Generative modeling has seen significant advancements in recent years, especially in the realm of text-to-image synthesis. Despite this progress, the medical field has yet to fully leverage the capabilities of large-scale foundational models for synthetic data generation. This paper introduces a framework for text-conditional magnetic resonance (MR) imaging generation, addressing the complexities associated with multi-modality considerations. The framework comprises a pre-trained large language model, a diffusion-based prompt-conditional image generation architecture, and an additional denoising network for input structural binary masks.

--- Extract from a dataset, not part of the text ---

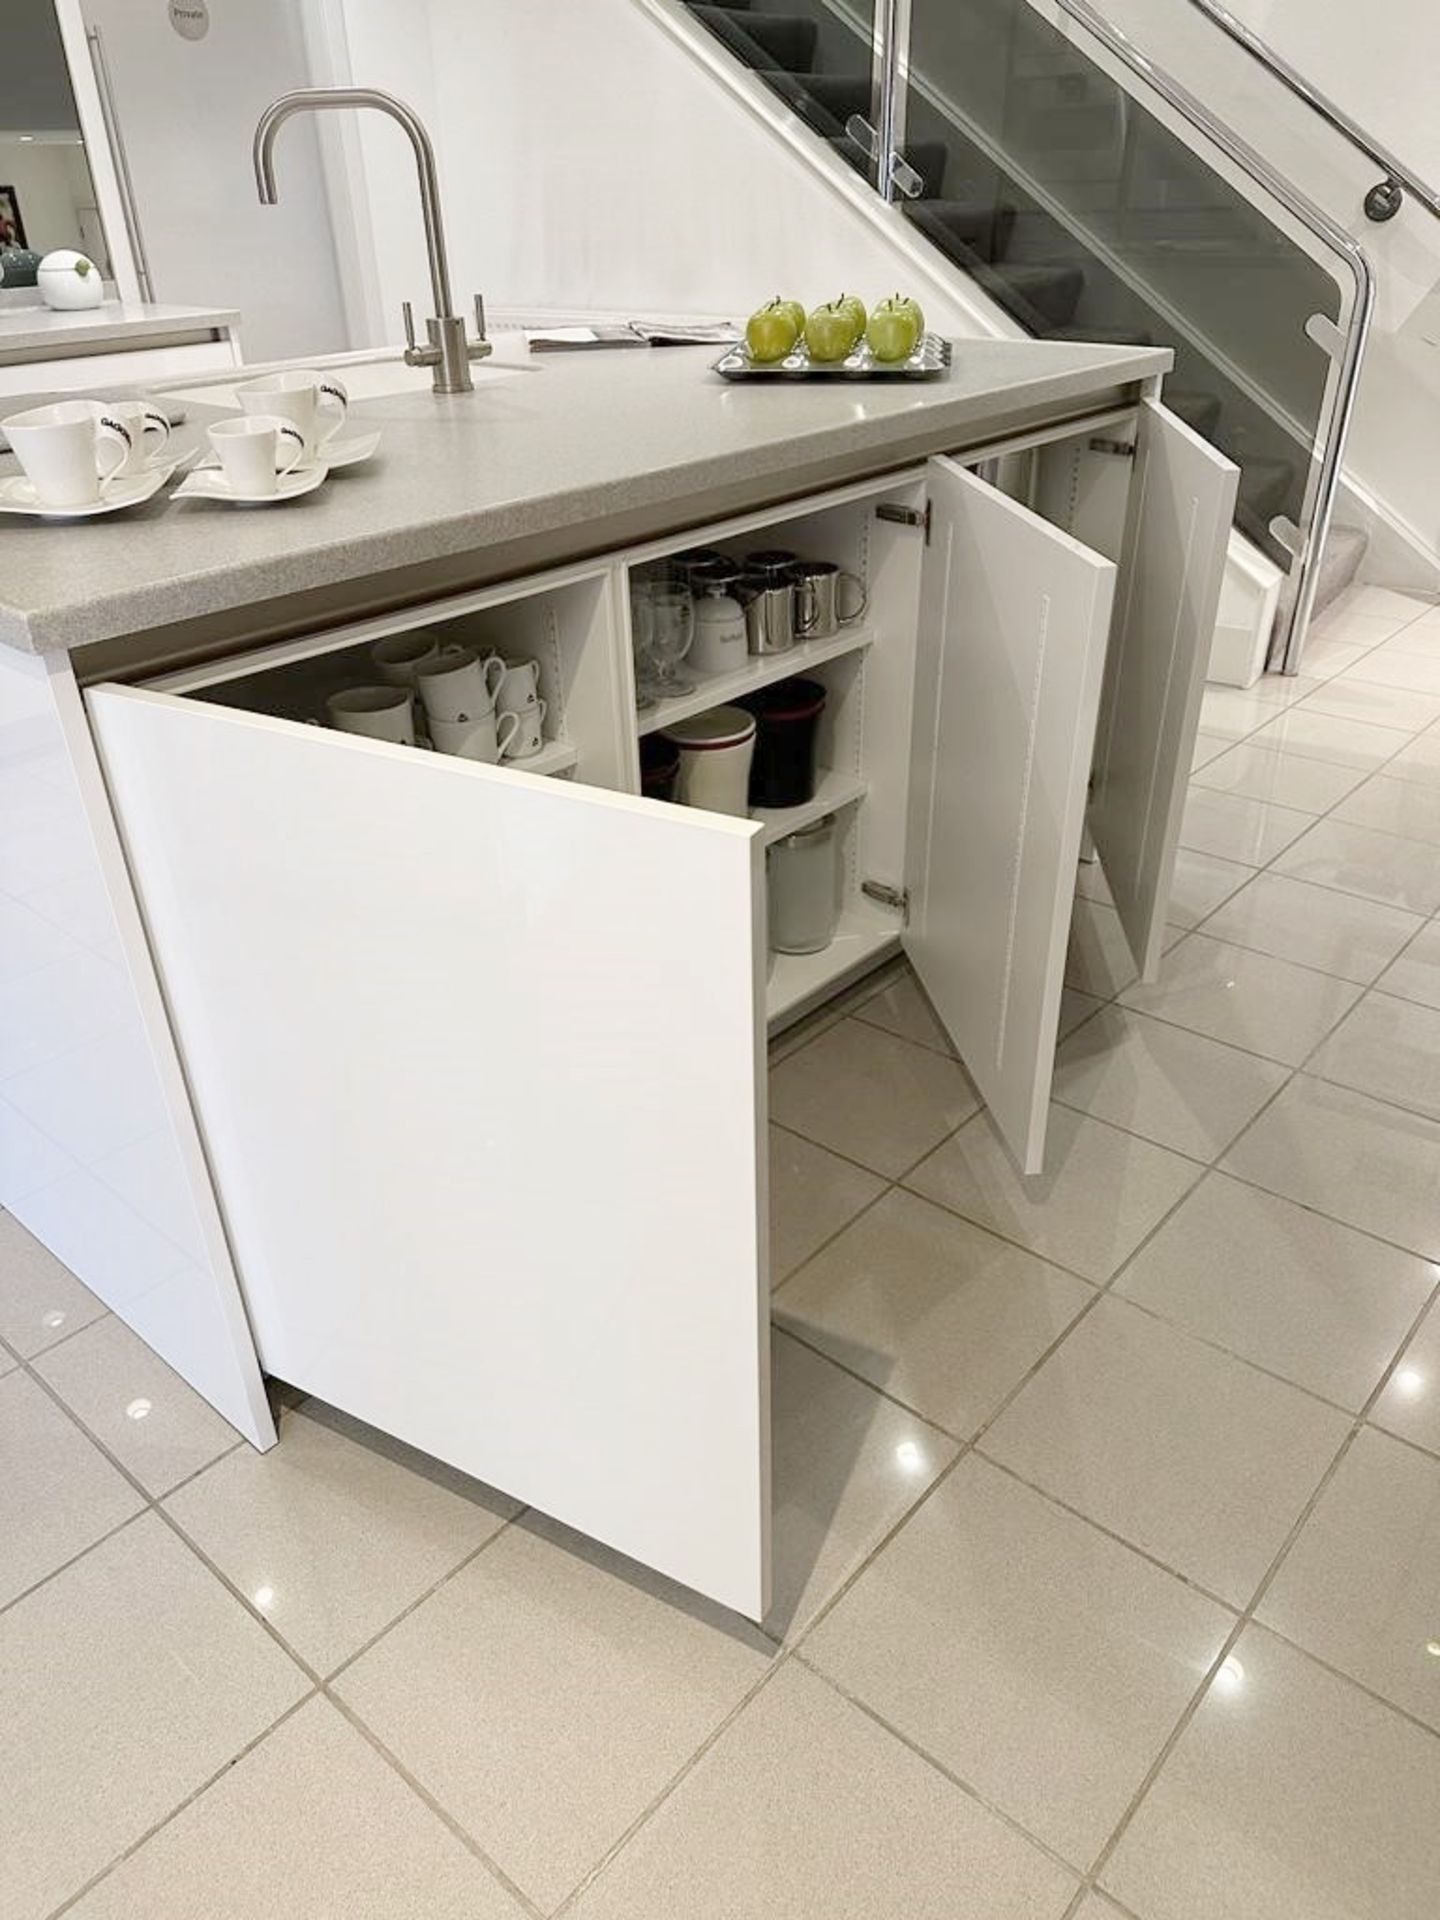 1 x SIEMATIC Contemporary 'S2' Fitted Kitchen In Gloss White And Grey *Ex-Display Showroom Model* - Image 15 of 16
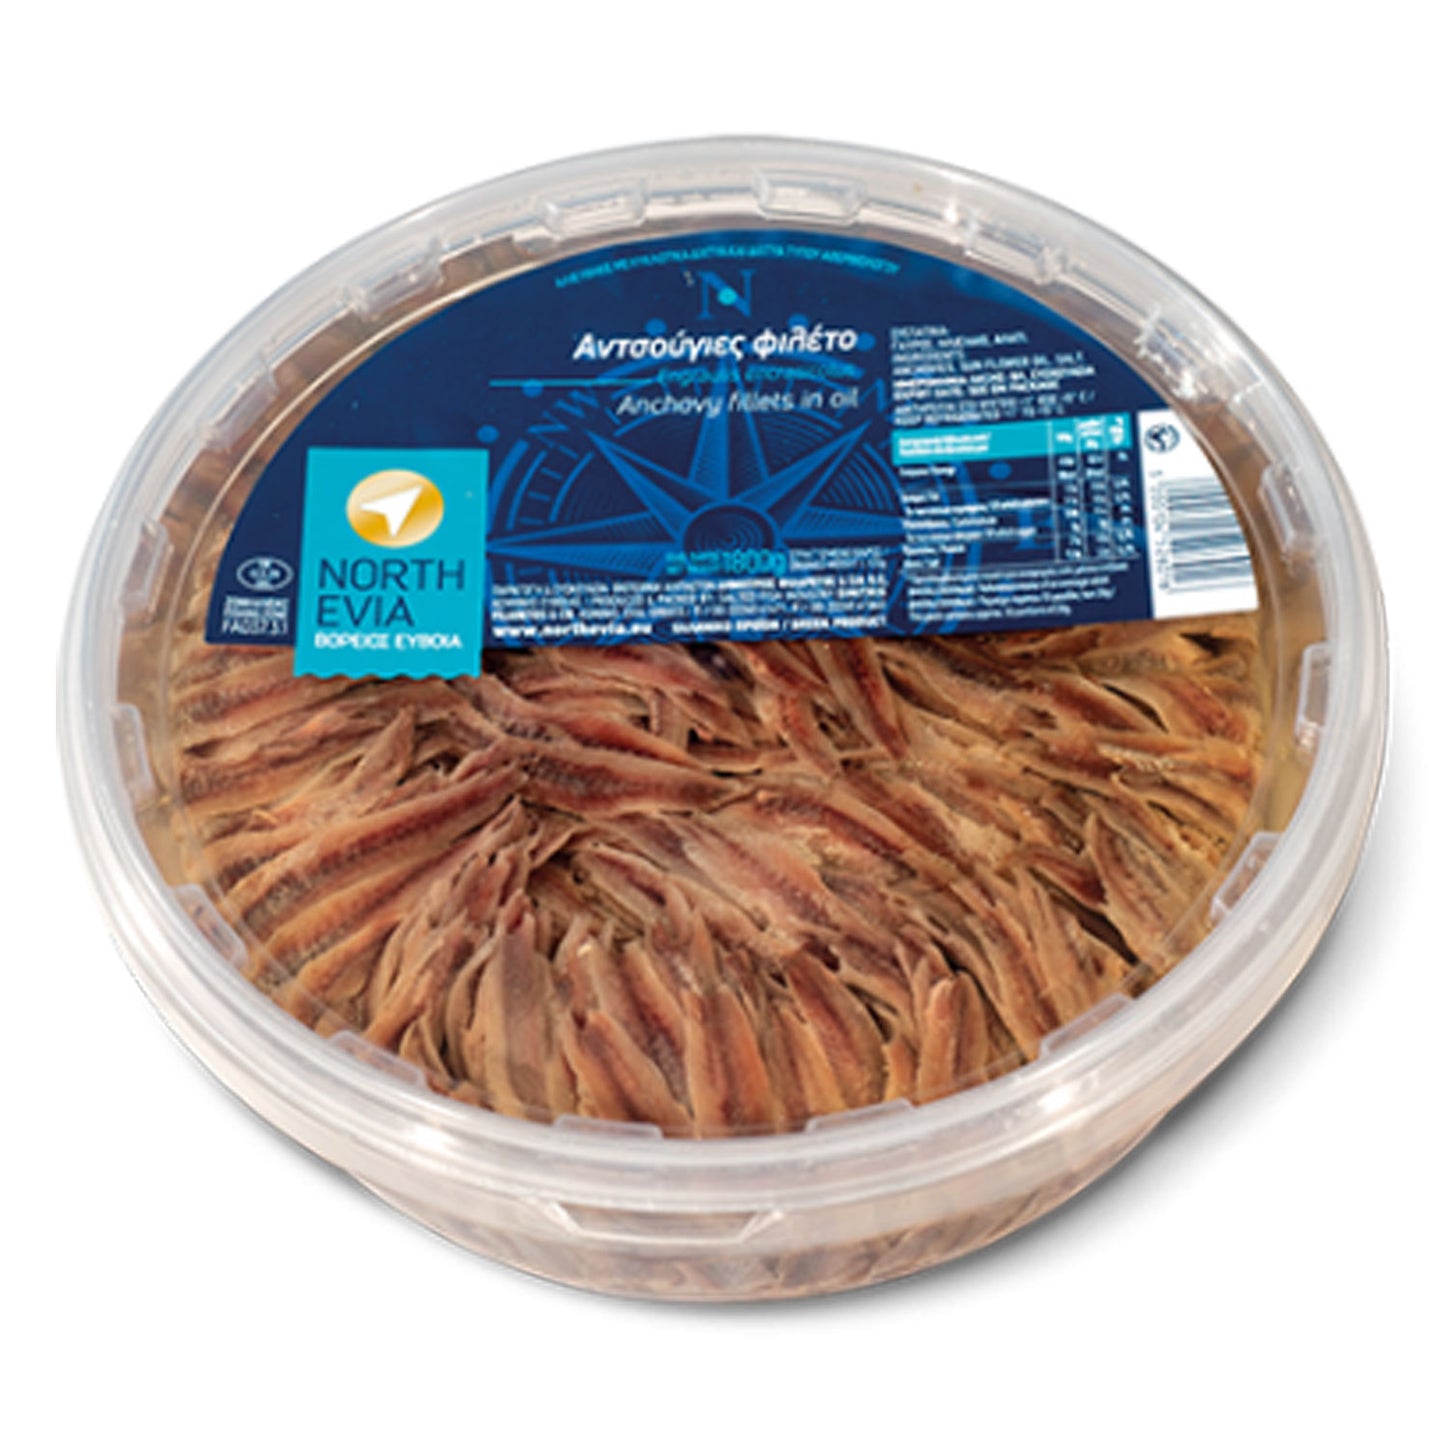 Anchovy fillets from Evia - 2kg

Experimental results demonstrate that the proposed framework is capable of generating realistic, high-resolution, and high-fidelity multi-modal MR images that align with medical language text prompts. Further, the study interprets the cross-attention maps of the generated results based on text-conditional statements. The contributions of this research lay a robust foundation for future studies in text-conditional medical image generation and hold significant promise for accelerating advancements in medical imaging research.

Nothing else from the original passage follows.